Task requirements >> The reply should hold only the lines below beginning at the one with "CARNA-CRPNA-CLPNA-Logo-Tri-Nursing-Logo_600x100" and ending at the one with "Kolton Mahoney (Allyson", copied exactly, with every picture left out.

Provided records >>
== Segment start ==

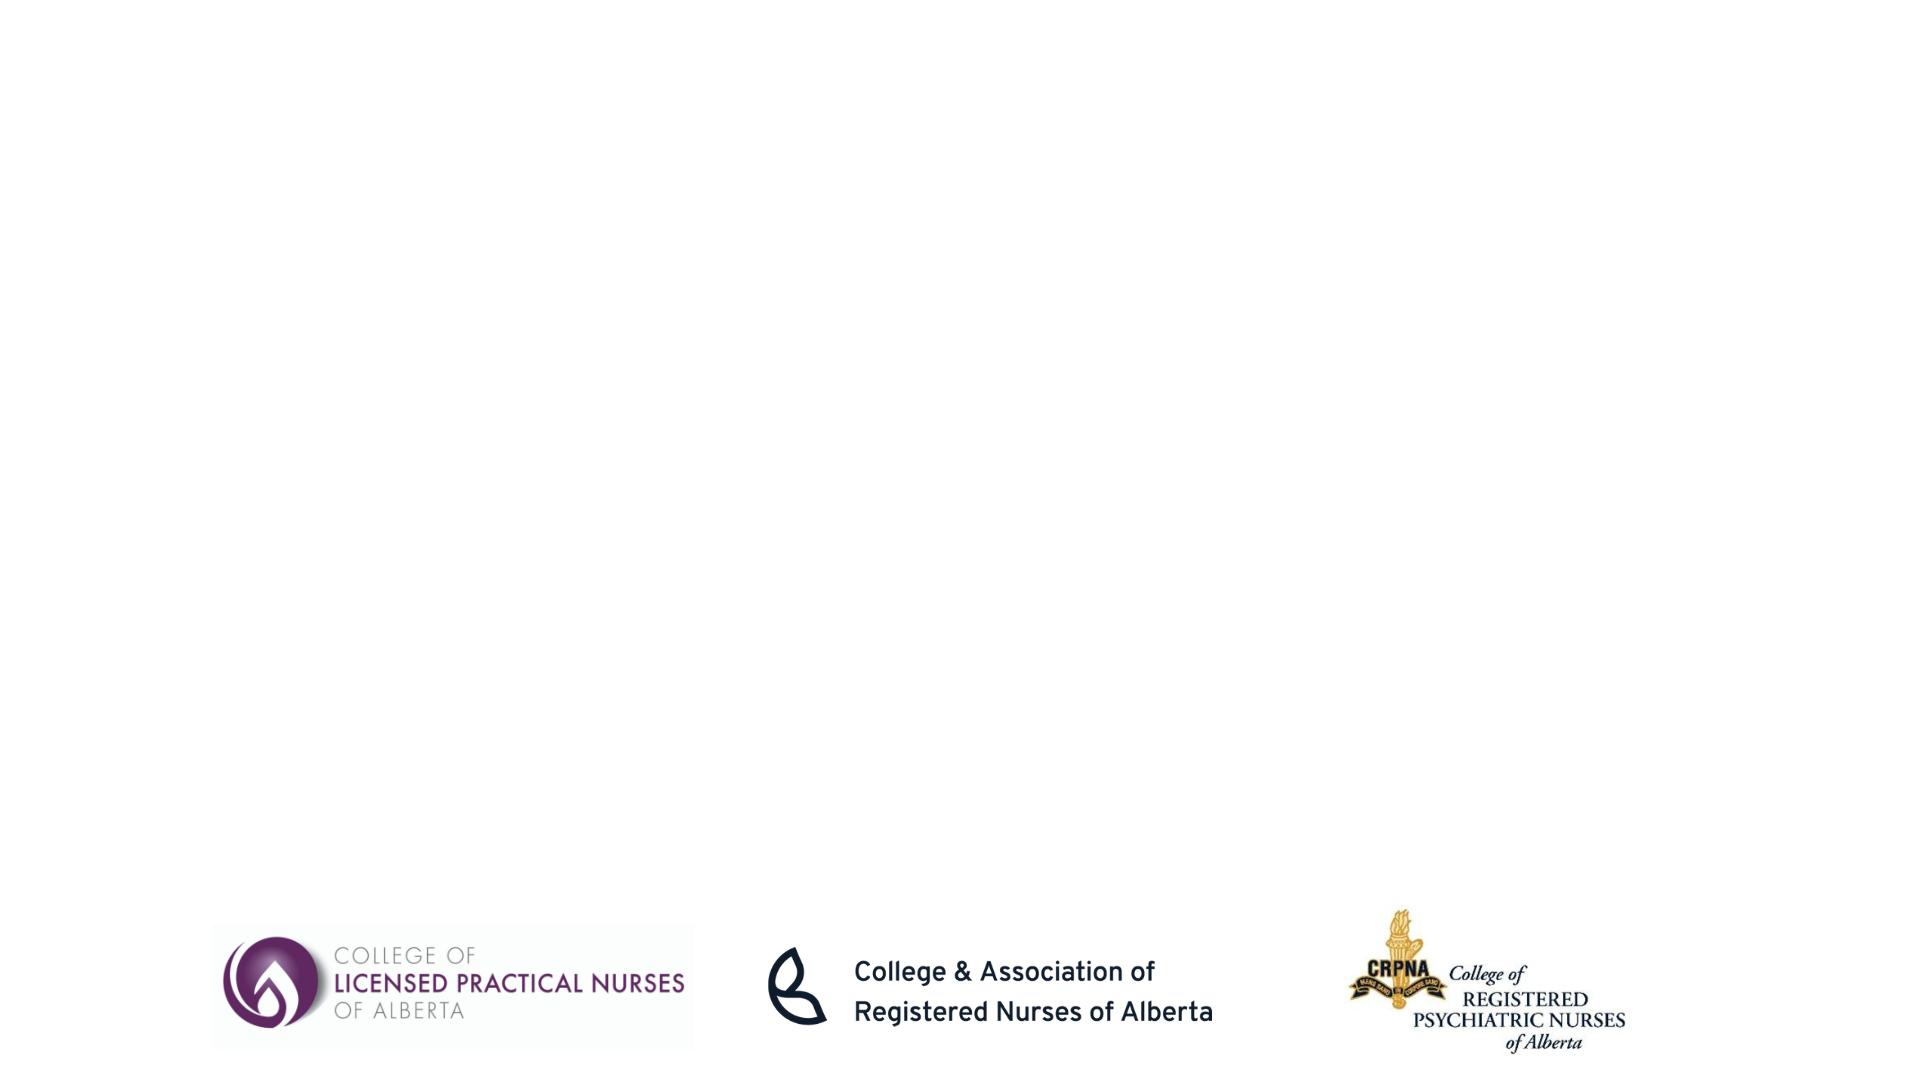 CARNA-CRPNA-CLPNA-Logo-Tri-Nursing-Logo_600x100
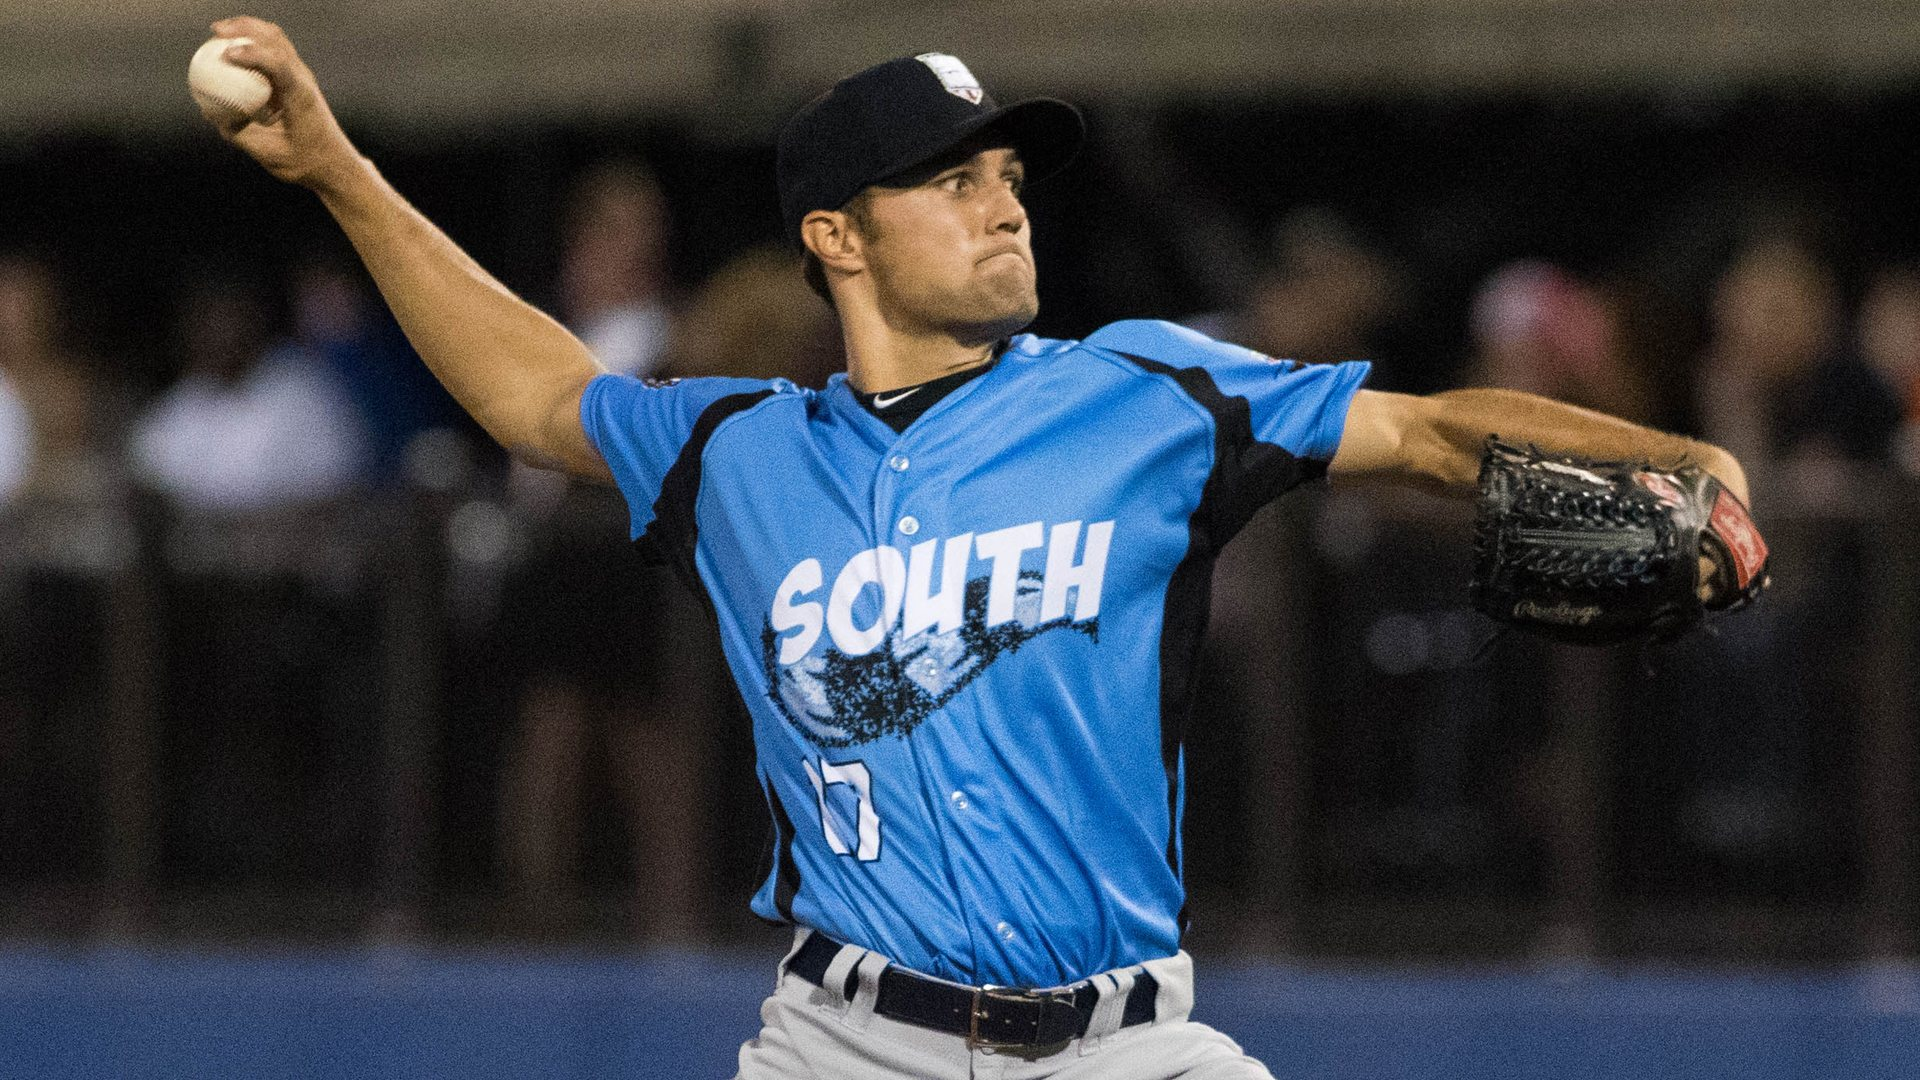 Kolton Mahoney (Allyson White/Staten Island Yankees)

== Segment end ==
== Segment start ==

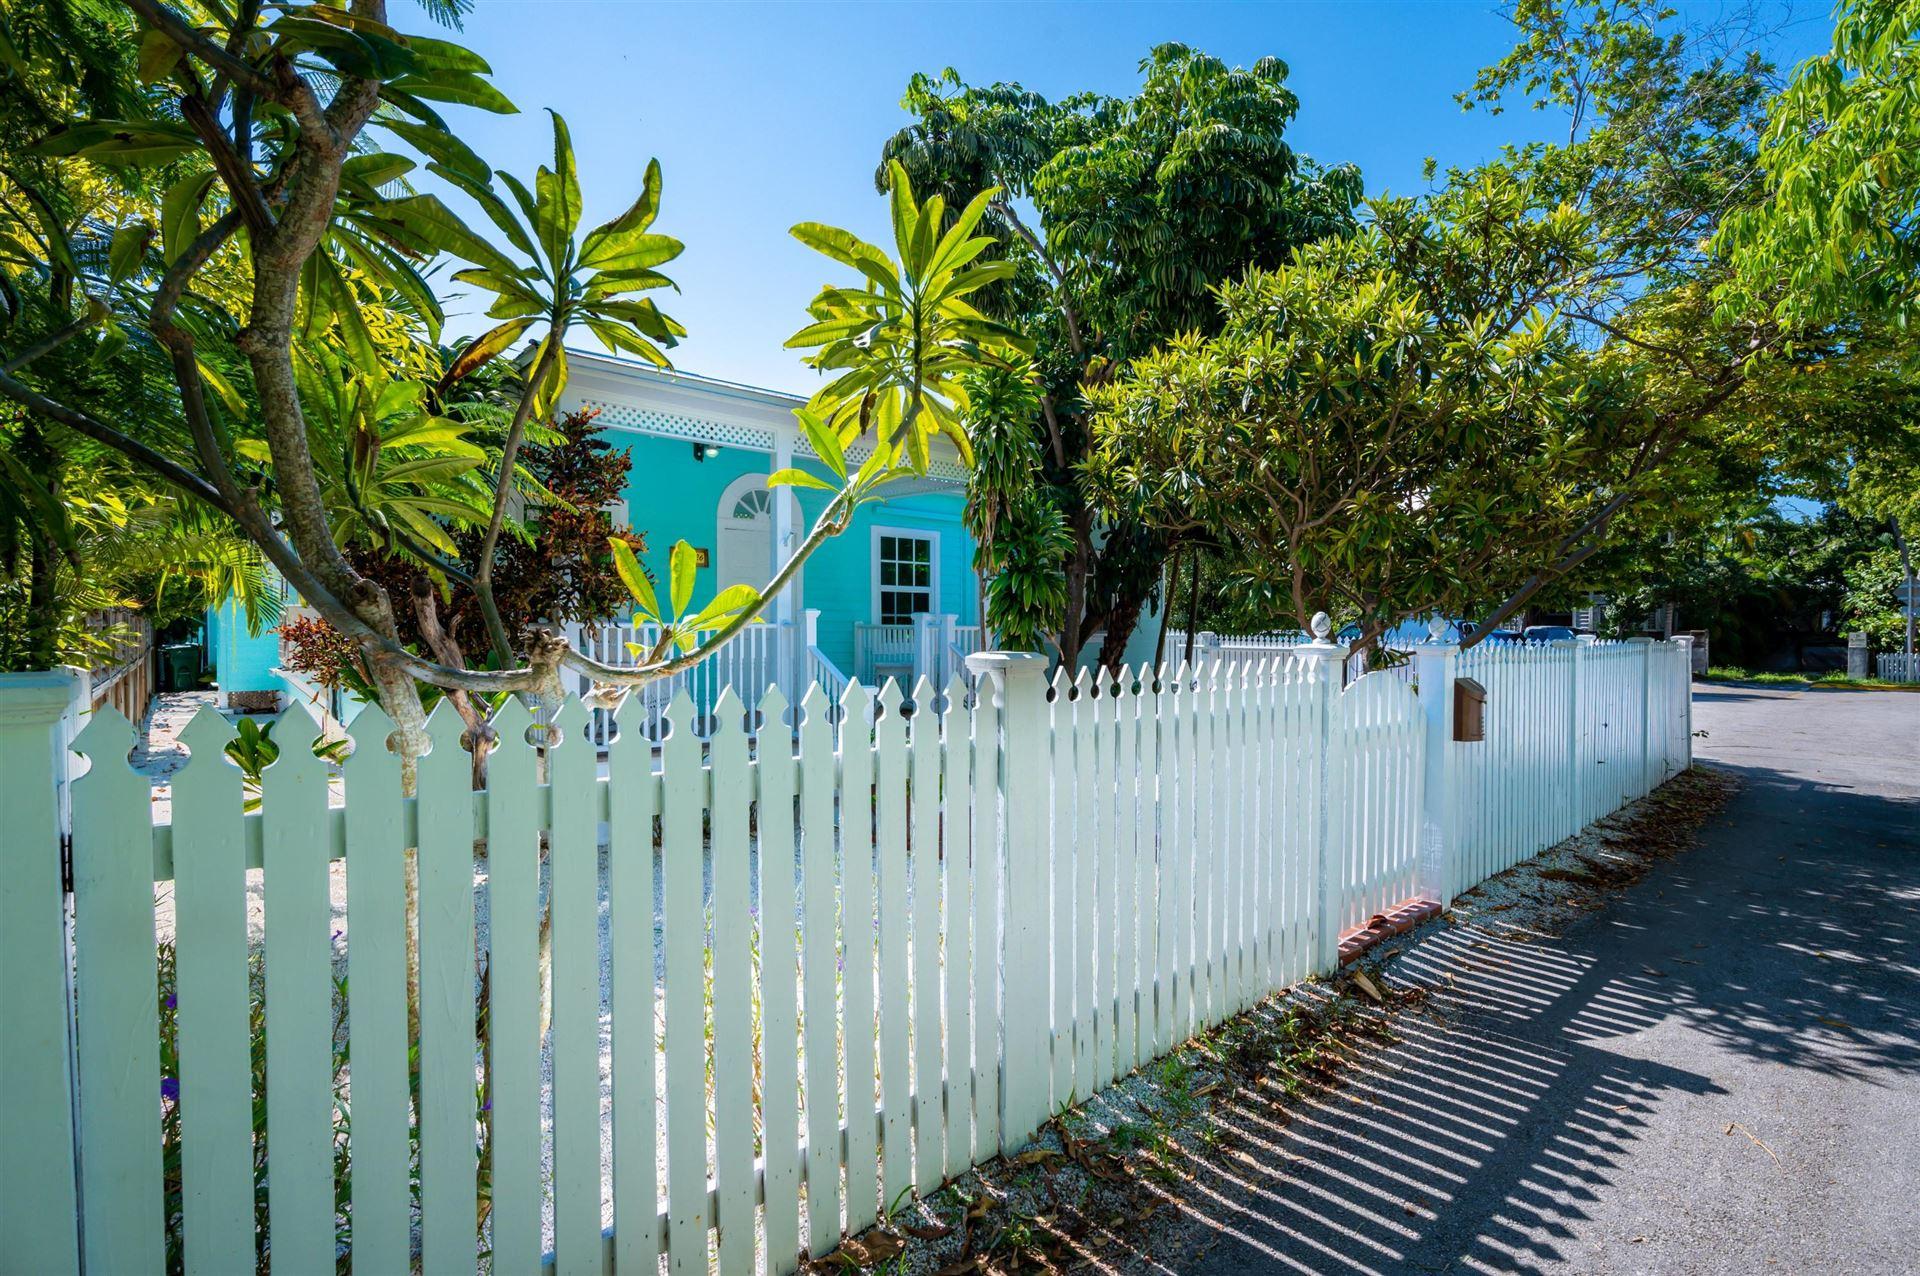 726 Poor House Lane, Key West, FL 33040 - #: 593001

== Segment end ==
== Segment start ==

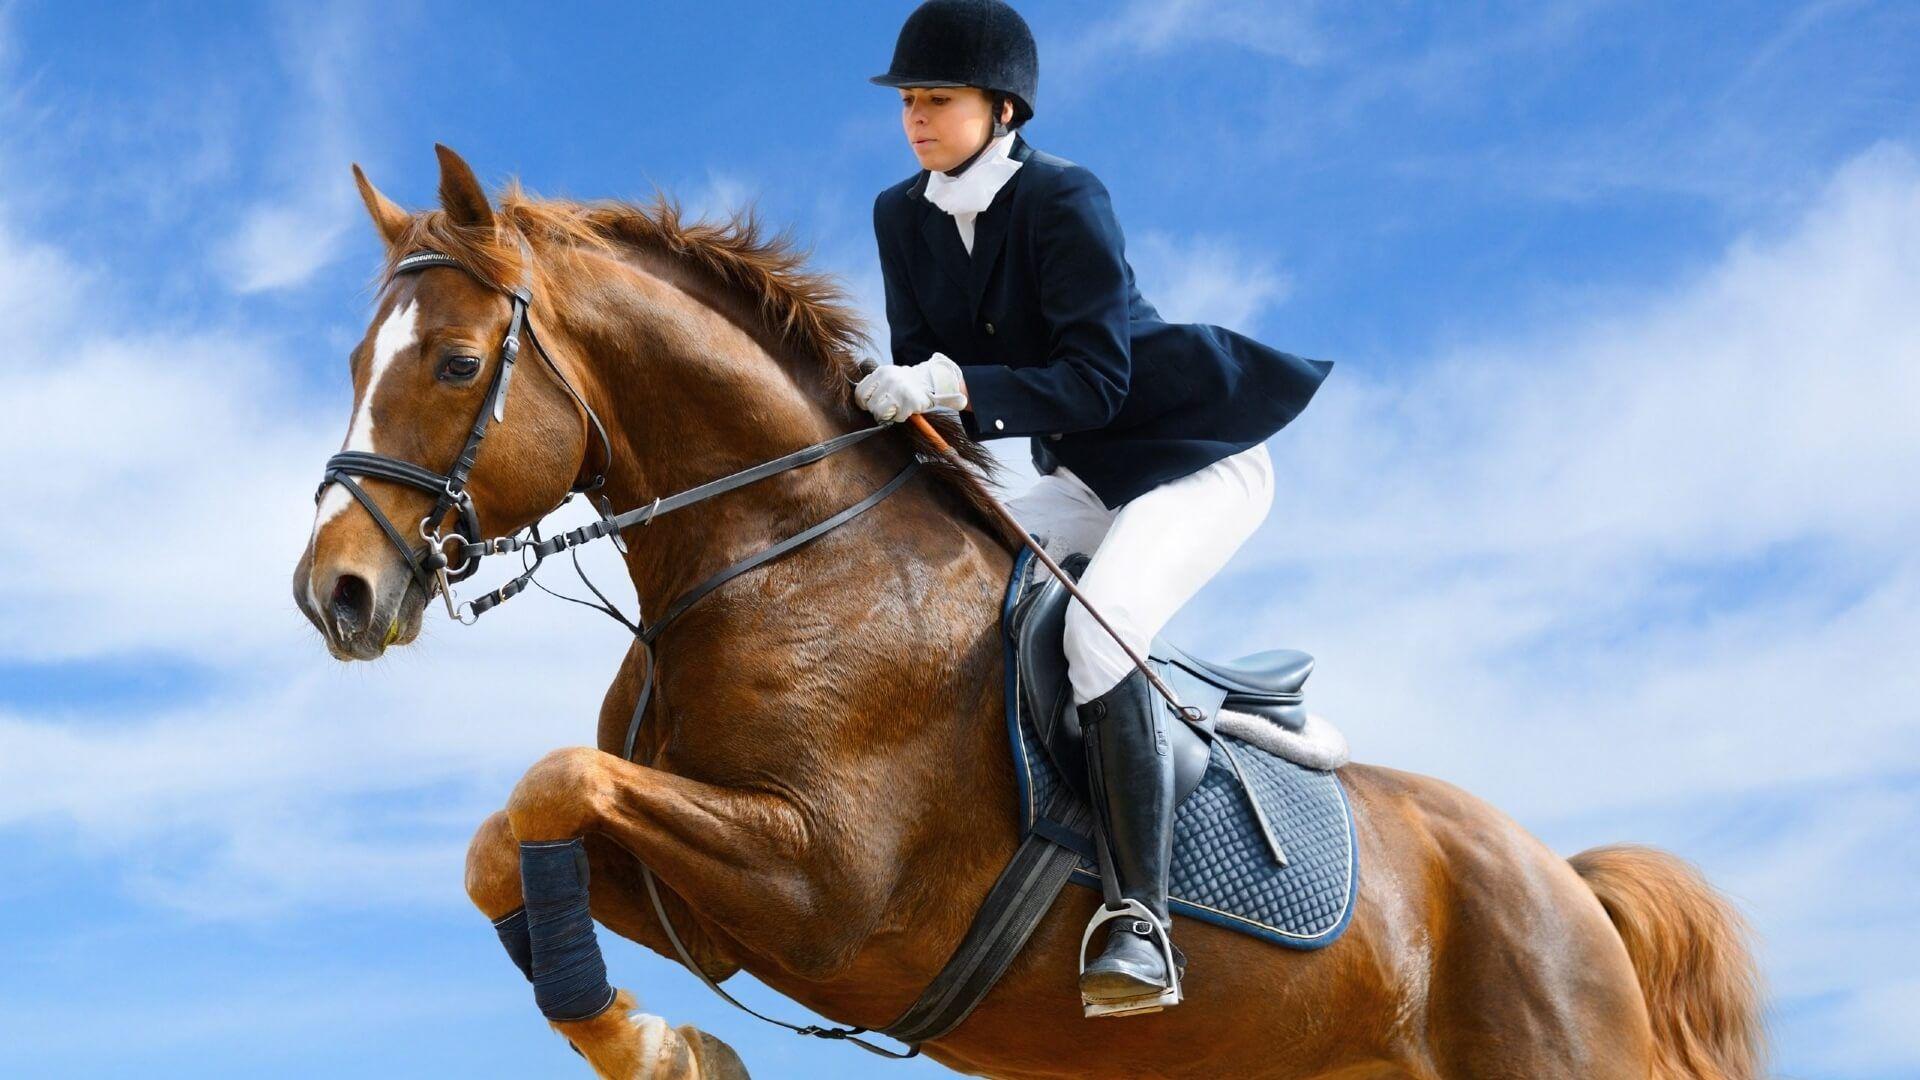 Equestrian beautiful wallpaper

== Segment end ==

Reply to the task >>
 CARNA-CRPNA-CLPNA-Logo-Tri-Nursing-Logo_600x100
 Kolton Mahoney (Allyson White/Staten Island Yankees)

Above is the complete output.